House Democrats trade Iraq charges
WASHINGTON — Injecting the Iraq war into the escalating fight for the No. 2 spot among House Democrats, Rep. John P. Murtha of Pennsylvania on Tuesday attacked his opponent for not backing a push last year for withdrawal of U.S. troops.
Rep. Steny H. Hoyer of Maryland disputed the criticism of his position on the war. Murtha’s charge was an effort to turn an antiwar message central to Democratic gains at the polls last week into a wedge issue in determining the party’s leadership as it prepares to take control of the House in January.
Murtha’s broadside also raised the prospect that the showdown with Hoyer for the majority leader’s post would have a larger ideological element than often is the case. Usually, the leadership contests turn more on matters of personality and style than issues.
House Democrats are scheduled to select their leaders for the next Congress on Thursday.
The Murtha-Hoyer contest already was an acrimonious note amid the joy among House Democrats after they picked up more than two dozen seats in the midterm election.
Rep. Nancy Pelosi of San Francisco, who as the head of House Democrats is in line to become the chamber’s speaker, surprised some of her colleagues by publicly endorsing Murtha over the weekend.
Hoyer has served as Pelosi’s chief lieutenant in the Republican-controlled House and has enjoyed broad support in his bid to continue in that role as majority leader. But Pelosi and Hoyer have never been close, though Murtha is a longtime Pelosi ally.
Murtha, a former Marine and staunch supporter of the military, gained national attention a year ago when, at a Capitol Hill news conference, he excoriated the Bush administration’s policies in Iraq and called for troop withdrawal to begin.
Hoyer was not among the Democrats who rallied to his side, and that formed the basis of Murtha’s criticism Tuesday.
A statement issued by Murtha’s office said, “The record is clear: Jack Murtha has been a constant voice for change in Iraq and Steny Hoyer has not.”
A Murtha spokesman added that the lawmaker’s position on the war, backed by Pelosi, “is the reason the Democrats are in the majority today” in Congress. “Hoyer’s position has been to ‘stay the course’ with President Bush from the very beginning.”
A Hoyer spokeswoman dismissed Murtha’s accusation, saying, “Any representation that Congressman Hoyer endorses a ‘stay-the-course’ strategy or advocates sending more troops to Iraq is wrong.”

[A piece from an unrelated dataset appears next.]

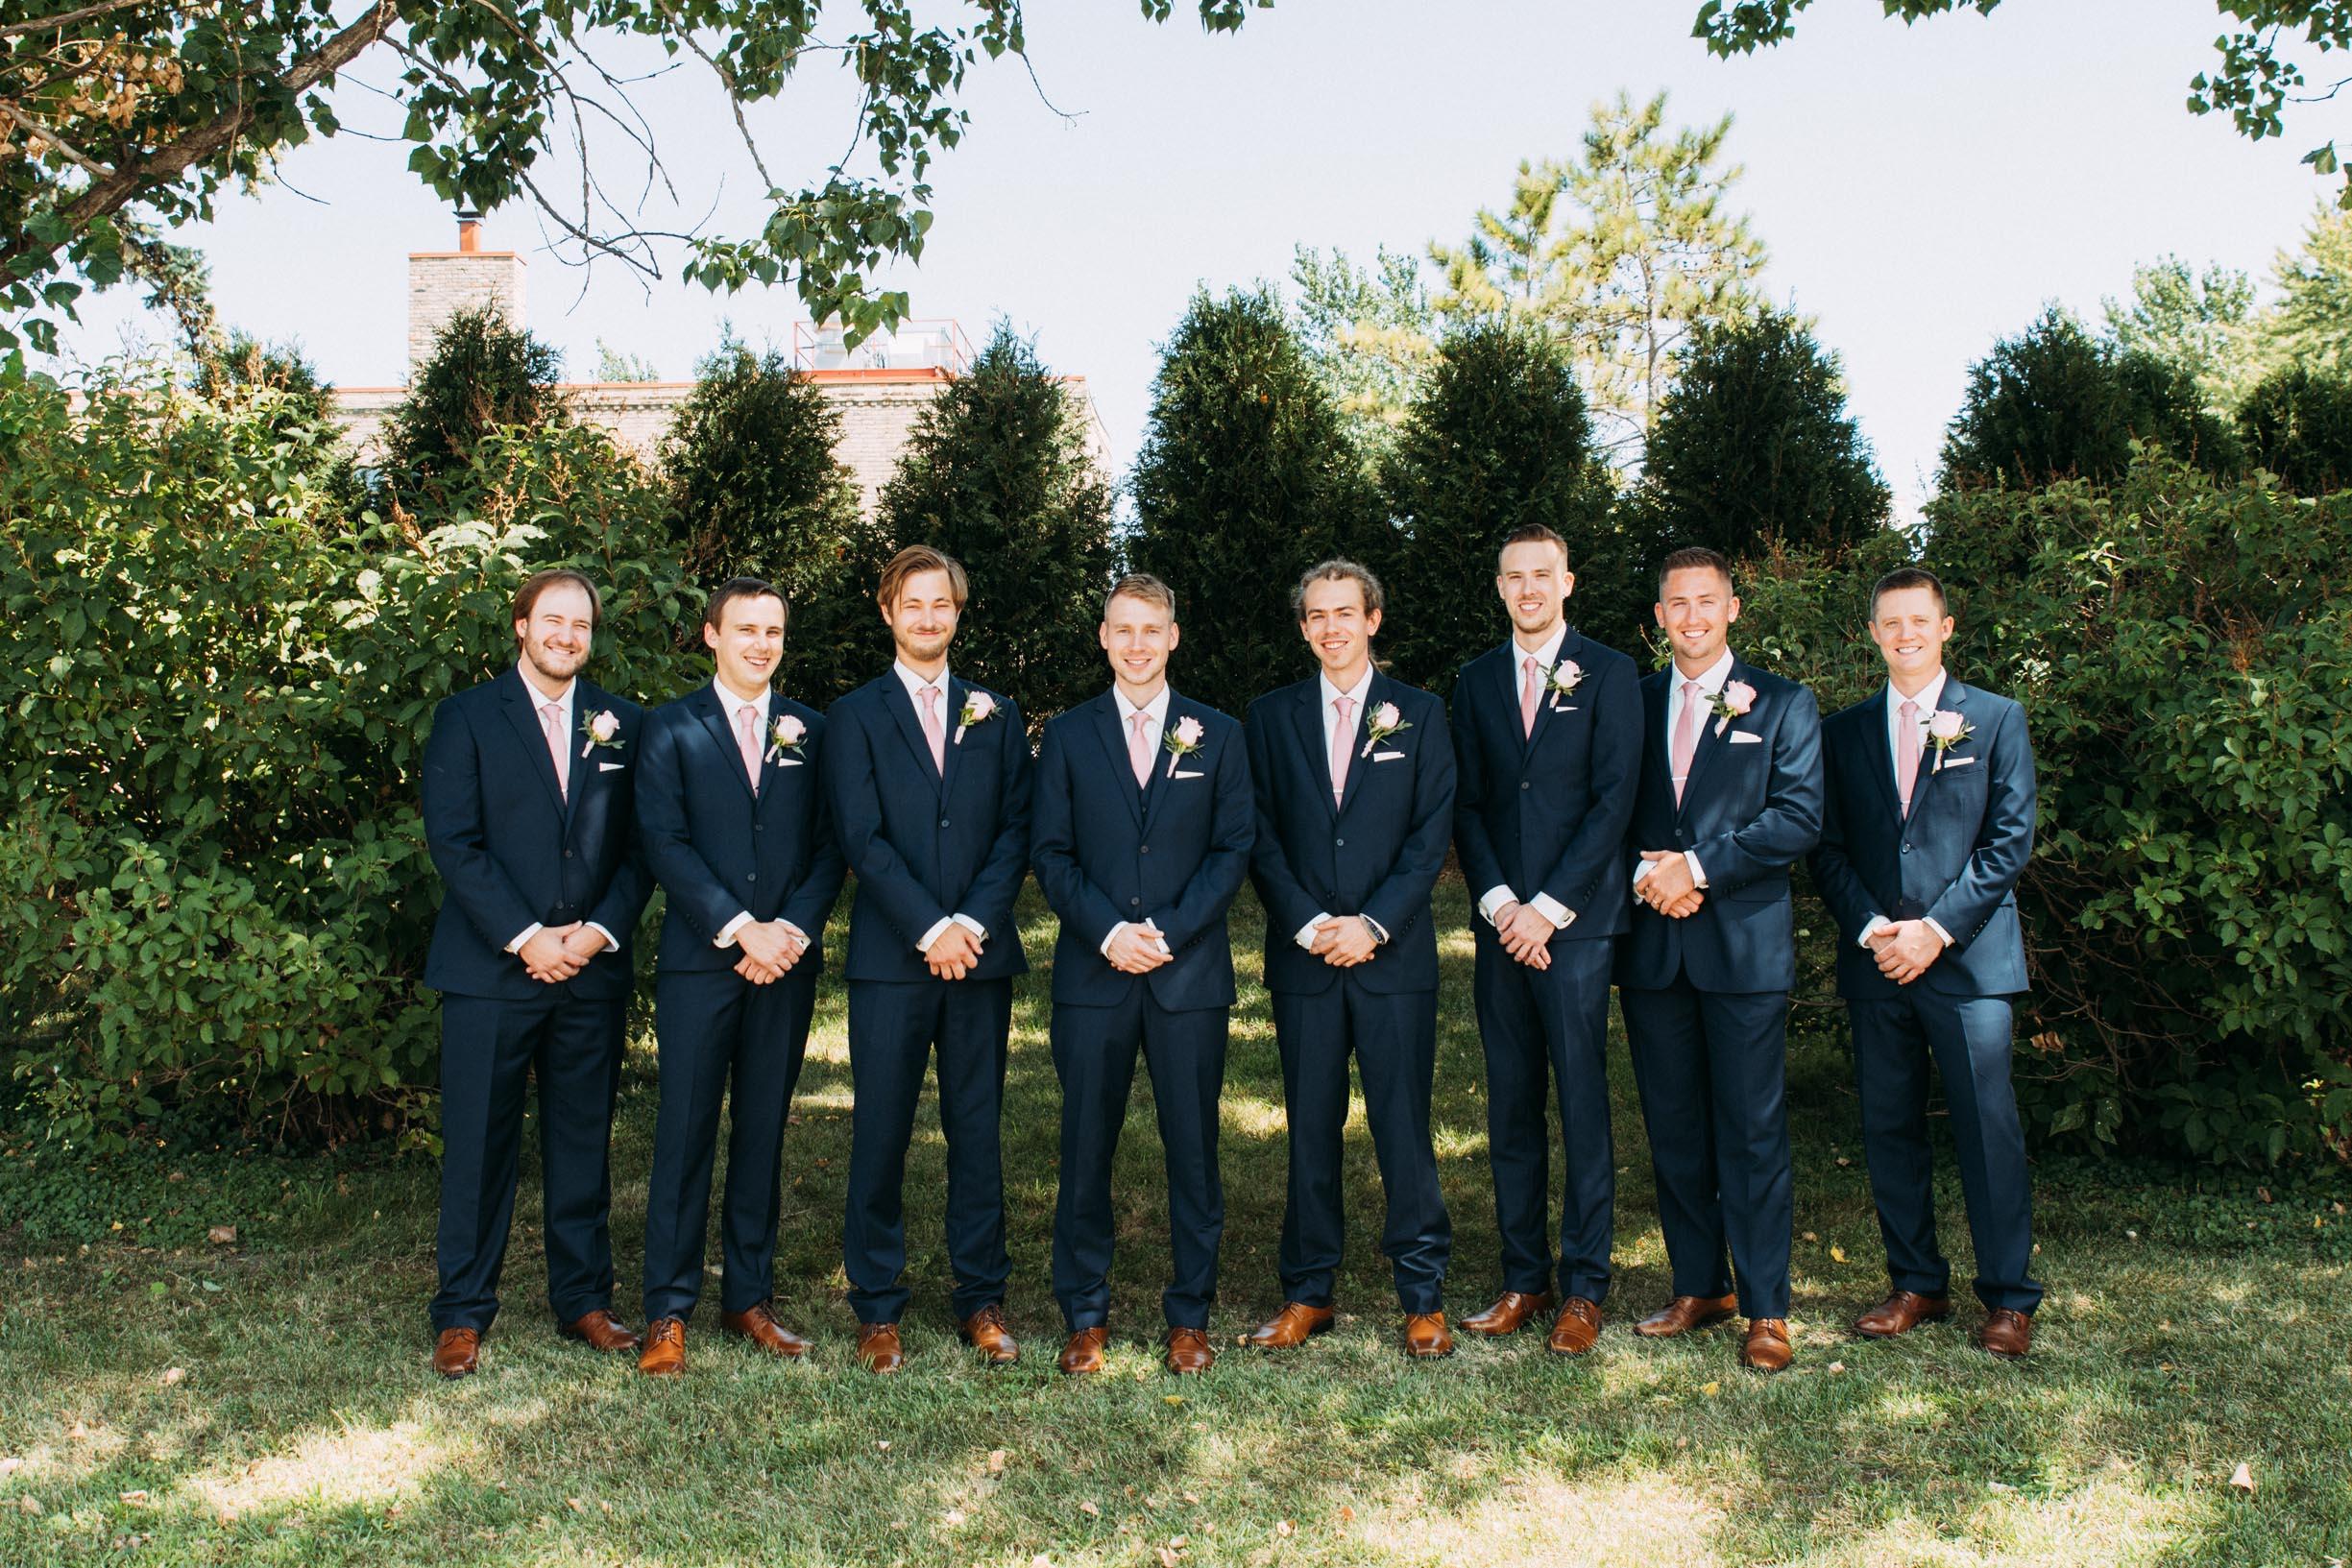 28-WeddingsattheBroz_Minnesota_WeddingBlog_WeddingParty.jpg

Later on Tuesday, Hoyer’s office released a letter of support for him in the leadership race from nine senior Democratic House members who are expected to become powerful committee chairmen in January. They included Ike Skelton of Missouri, who is expected to lead the House Armed Services Committee, and Tom Lantos of Burlingame, the likely head of the House International Relations Committee.
The House GOP also face an ideological choice when they select leaders Friday.
Rep. John A. Boehner of Ohio, who took over as majority leader after Rep. Tom DeLay of Texas resigned, is battling to retain his leadership post. But the party’s election losses are helping fuel a challenge by Rep. Mike Pence of Indiana, seen by many as a more doctrinaire conservative than Boehner.
Senate Democrats, facing none of the jockeying that is dividing House members, on Tuesday quickly selected Nevada’s Harry Reid to be the new majority leader and Illinois’ Richard J. Durbin to serve as his deputy.
The two men — with New York Sen. Charles E. Schumer, who will assume the leadership’s No. 3 position — played key roles in engineering the party’s election-day gains that surprised most experts and gave it the majority in the next Senate.
Democrats also designated their new committee chairs, with California’s two senators among them. Barbara Boxer will head the Environment and Public Works panel; Dianne Feinstein will head the Rules Committee.
On the other side of the aisle, Republicans will choose their new Senate leader today. Kentucky Sen. Mitch McConnell, who served as majority whip under outgoing Senate Majority Leader Bill Frist of Tennessee, faces no competition in his bid to become minority leader. Sen. Trent Lott of Mississippi is challenging Sen. Lamar Alexander of Tennessee for the No. 2 post.